Match Group Inc. delivered another quarter of robust Tinder growth on Tuesday but delivered a downbeat financial forecast.
The company, which has received a separation offer from InterActiveCorp. IAC, -1.50%, added 437,000 paying Tinder subscribers in its latest quarter, setting Match up for its best year yet of Tinder subscriber growth. The dating-app company projects an annual increase of about 1.6 million paying users once 2019 is complete, compared with 917,000, 1.5 million, and 1.2 million in 2016, 2017, and 2018, respectively.
Shares of Match were off more than 15% in after-hours trading Tuesday, after the company’s outlook came up short. For the fourth quarter, Match expects $545 million to $555 million in revenue and $205 million to $210 million in adjusted earnings before interest, taxes, depreciation and amortization (Ebitda). Analysts surveyed by FactSet were calling for $559 million in revenue and $228 million in adjusted Ebitda.
Match MTCH, -3.43% disclosed that Tinder subscribers are becoming more engaged with the service. The number of users who visit the service seven days a week is up 30% on a year-to-date basis, and the average user comes to Tinder more than five days a week. About 85% of Tinder users come back to the app the following month.
Tinder’s subscriber momentum translated into in-line financial revenue for parent company Match Group. The company posted net income of $151.5 million, or 51 cents a share, up from $130.2 million, or 44 cents a share, a year prior. Analysts surveyed by FactSet were forecasting 44 cents in GAAP earnings per share. Revenue climbed to $541.5 million from $443.9 million, about even with the $541 million FactSet consensus.

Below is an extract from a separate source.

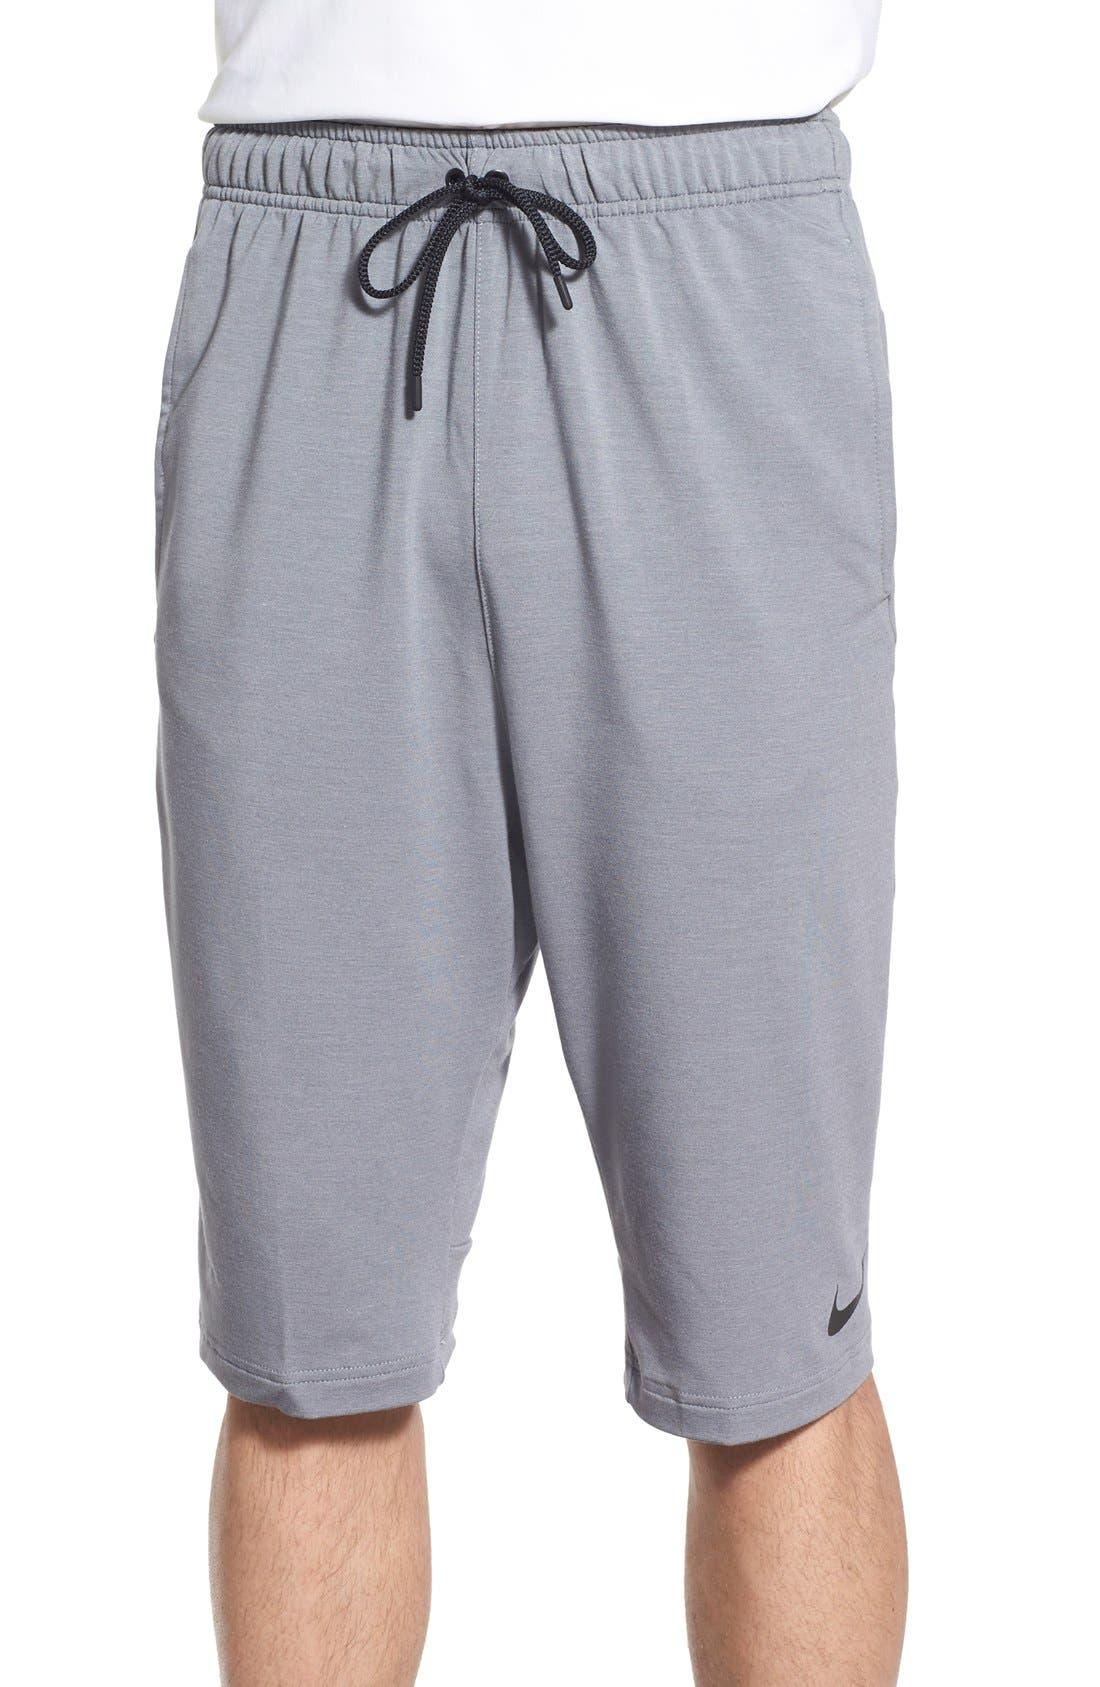 Nike Dri-FIT Fleece Training Shorts | Nordstrom

The company’s adjusted Ebitda increased to $206.1 million from $165 million. Analysts were calling for $204 million.
In a shareholder presentation, Match highlighted momentum for some of its other brands beyond Tinder. Hinge has seen 2.2 million global downloads so far this year, compared with 1.2 million in the comparable period a year ago. The app has been gaining traction in part due to ads that portray the product as being focused on driving actual relationships, and Match plans to focus on monetizing the product next year.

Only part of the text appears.